Looking at the source I see:

    F0 <- normF <- sqrt(sum(F * F))

if (trace)
cat("Iteration: ", 0, " ||F(x0)||: ", F0/sqrt(n), "\n")


I do not understand the reason for the division by $$\sqrt{n}$$. It is only doing this for the initial value. Subsequent log lines are correctly printing $$||F(x)||$$.

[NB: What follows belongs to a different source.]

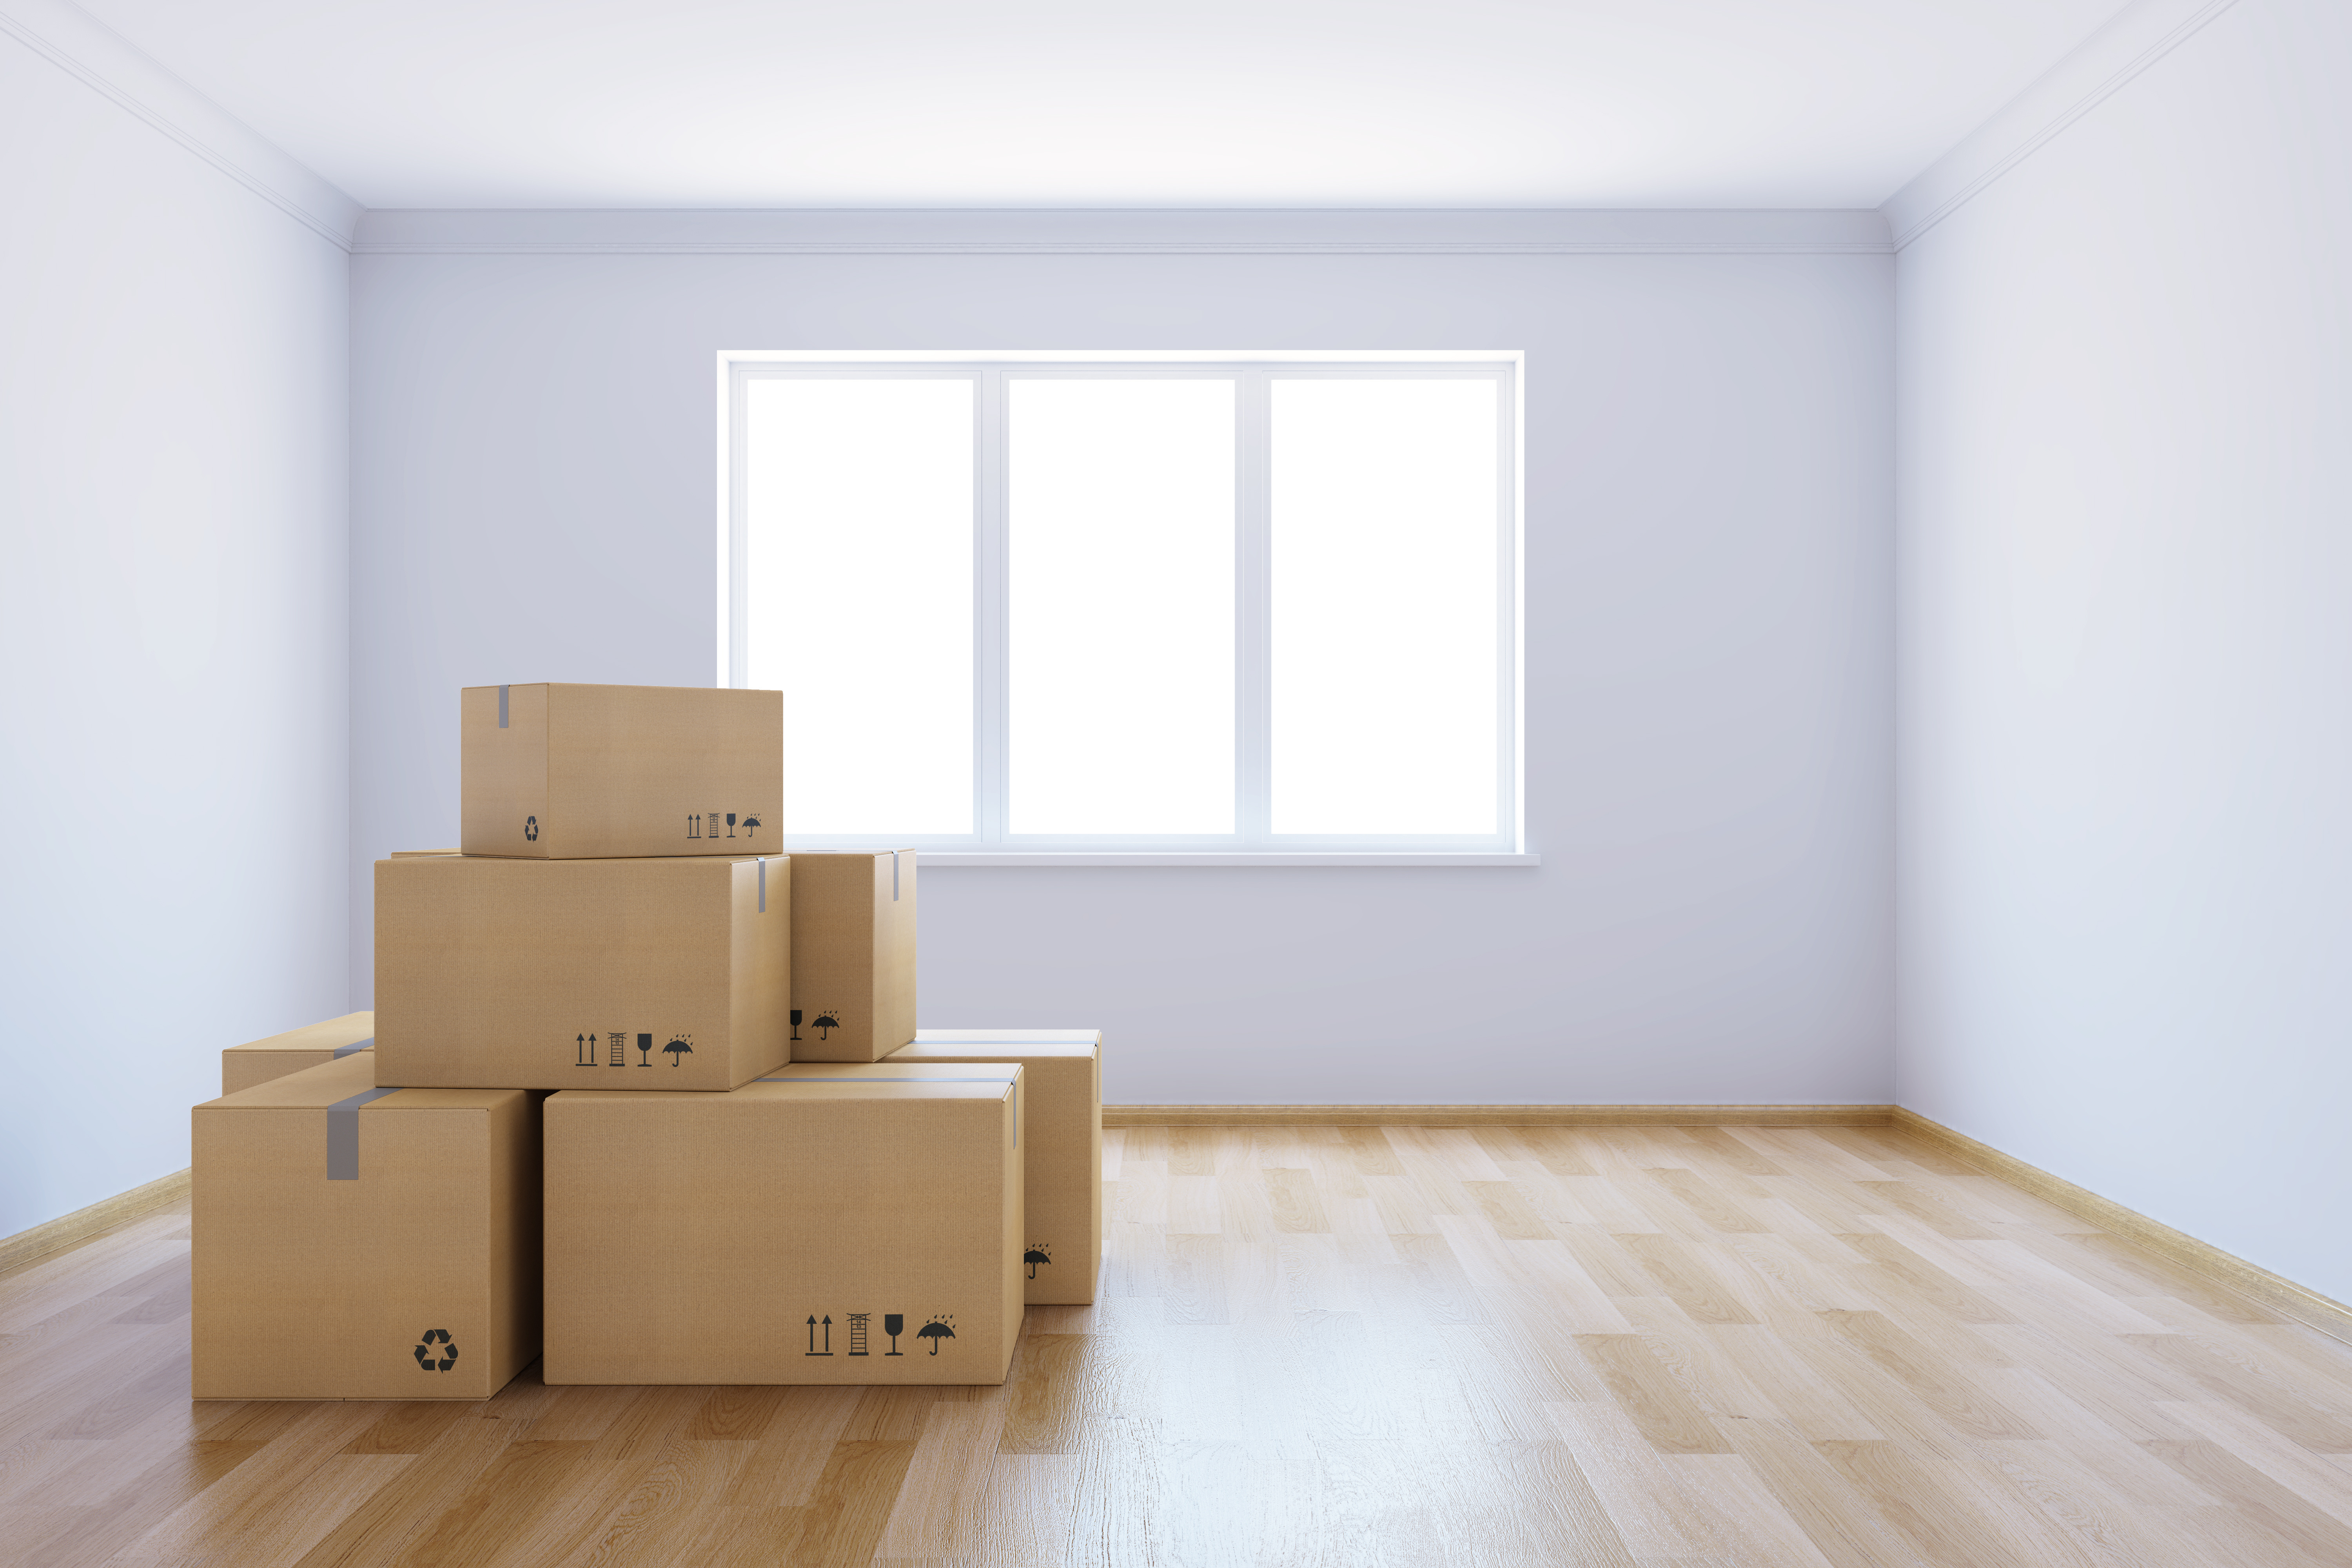 A living room with a giant window is void of items all except a pile of moving boxes.
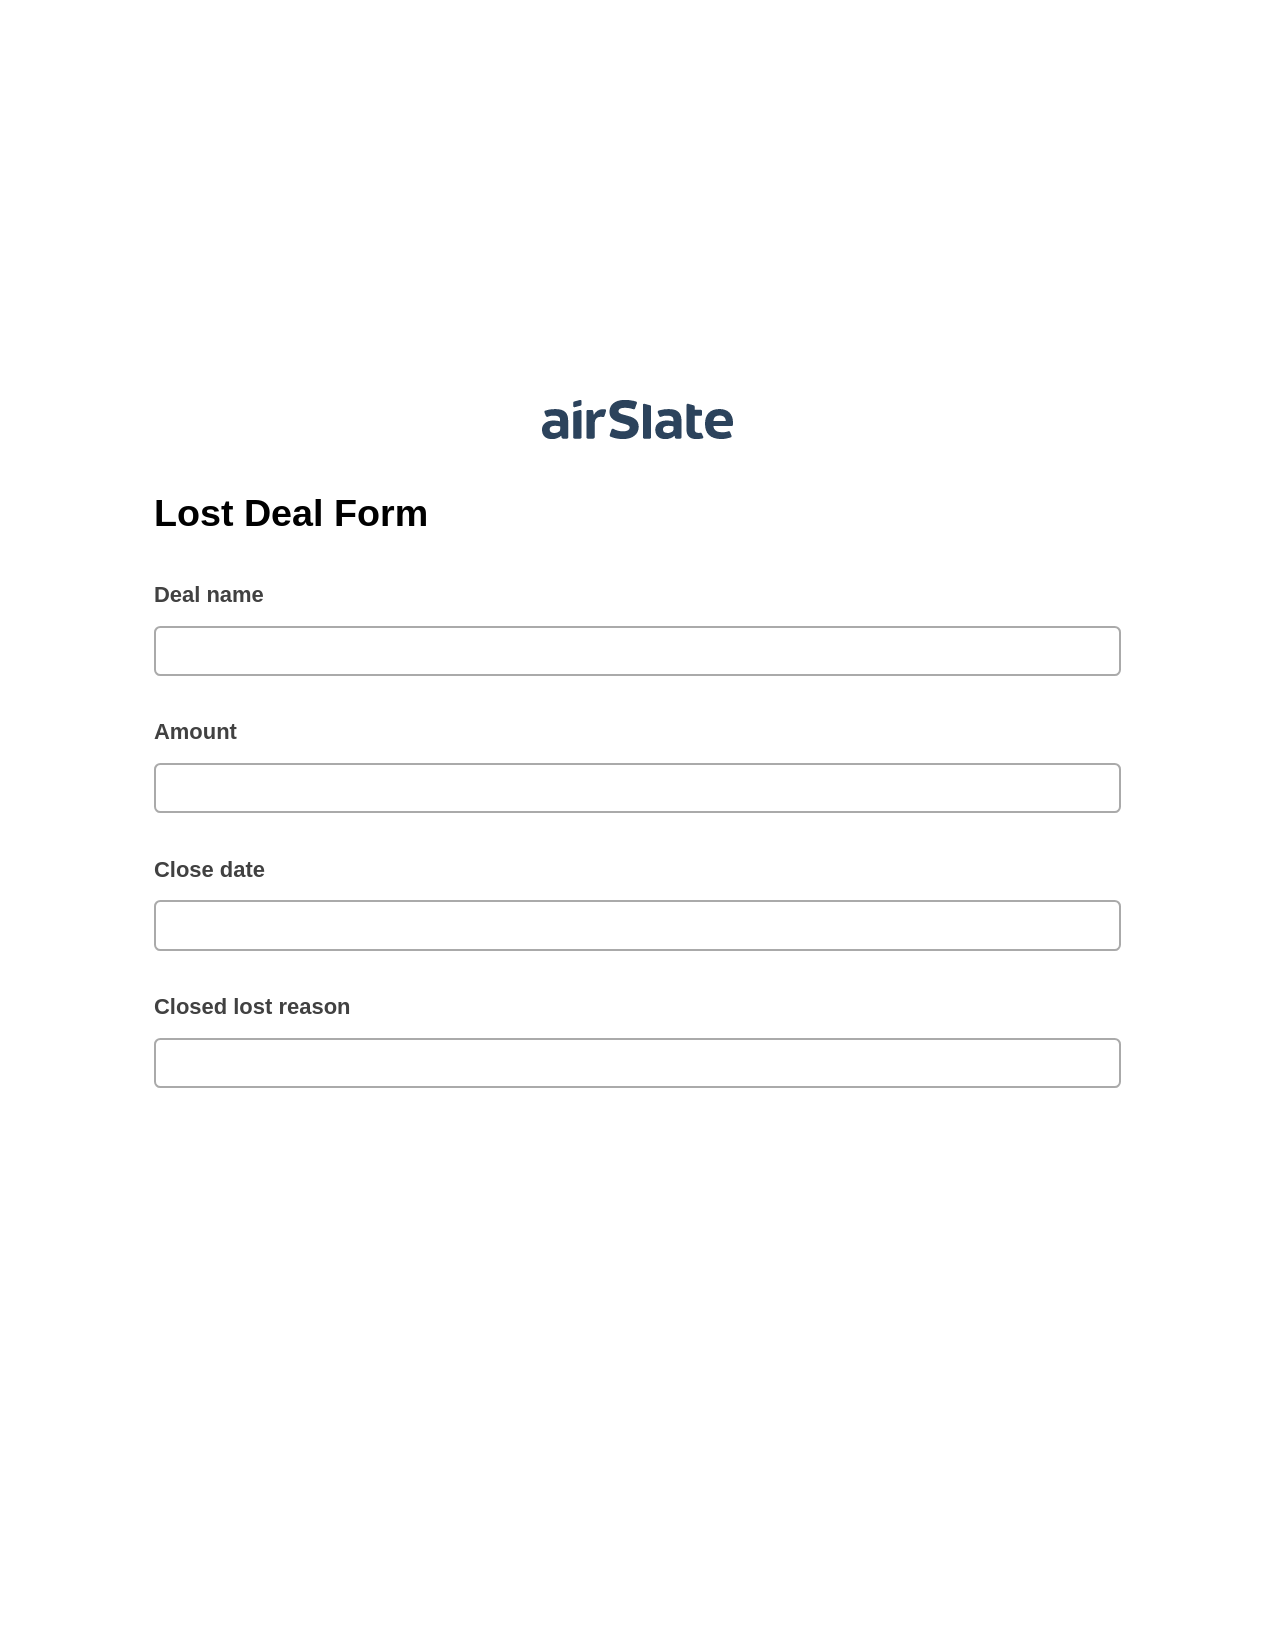 Lost Deal Form Pre-fill from CSV File Bot, Add Tags to Slate Bot, Post-finish Document Bot

One possible reason is that the termination criterion is:
$||F(x)|| \le \mathit{tol} \cdot \sqrt{n}$
so the author wanted to compare $$\displaystyle\frac{||F(x^0)||}{\sqrt{n}}$$ with $$\mathit{tol}$$.  Obviously this first log line is still mislabeled.

#### References

1. Varadhan, Ravi, and Paul D. Gilbert. 2009. “BB: An R Package for Solving a Large System of Nonlinear Equations and for Optimizing a High-Dimensional Nonlinear Objective Function.” Journal of Statistical Software 32 (4): 1–26. http://www.jstatsoft.org/v32/i04/.
2. Cruz, William La, and Marcos Raydan. 2003. “Nonmonotone Spectral Methods for Large-Scale Nonlinear Systems.” Optimization Methods and Software 18: 583–99.
3. Cruz, William La, Jose Mario Martınez, and Marcos Raydan. 2006. “Spectral Residual Method Without Gradient Information for Solving Large-Scale Nonlinear Systems of Equations.” Mathematics of Computation 75: 1449–66.